LLMs have significantly reduced the time I’ve spent chasing down cryptic errors on stack overflow, old github issues, or asking in random slack channels about it. Even if that’s all they did, they would be very valuable.

If that means I’m actually coding instead of figuring out why xyz random plugin isn’t doing its job right now, some subsystem that I need but don’t care to learn the internals of, then I am happy.

> Generative models are probabilistic: the output will be less likely to satisfy complex requirements, particularly

This is a misinformed 'critique' which always gets on my nerves, as someone who actually works with AI. The world is random. Generative models are only random in the sense that they randomly sample from the set of correct answers for a given problem (ideally). Of course LLMs make mistakes, but this has nothing to do with the fact that they are random.

When you know what you are sking it to help you with.

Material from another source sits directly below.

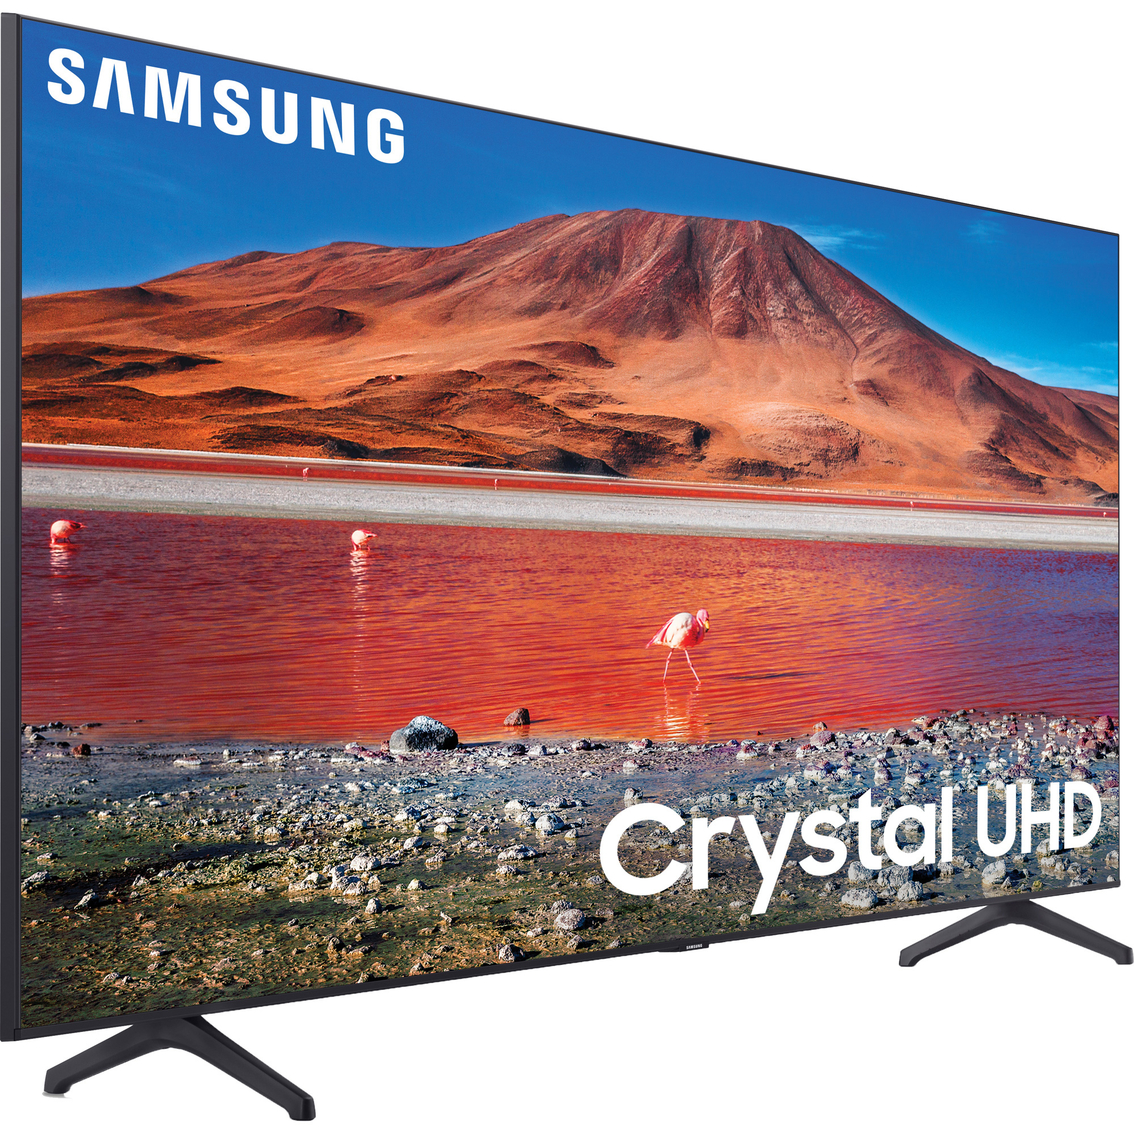 Samsung 58 in. Class TU7000 Crystal UHD 4K HDR Smart TV UN58TU7000FXZA - Image 2 of 7

I wanna to build a Proxmox LXC container via Ansible playbook, both things I know and use in my homelab.

It has to be 4 services running within the same container, VPN and what not. That would take me forever to find the latest and recommended:

* Each service installation proccess

* Known issues and workaround

* Firewall and what not

It sill took me 3 nights because I had to replace one of the services. I am not expert into iptables firewall, it helped me with that.

Ansible playbook was a hit and miss but it gave me the start so I fixed what was wrong and voila.

The problem is people using it for copy/paste, it works it is good enough. No understand of what is happening, security issues and alike.

One thing I’d add is that usefulness also seems to depend on whether the task can be broken down. When you can split work into small pieces that are easy to check, generative models tend to work really well. But once those pieces start depending heavily on each other and the design constraints pile up, the pattern you describe shows up pretty clearly.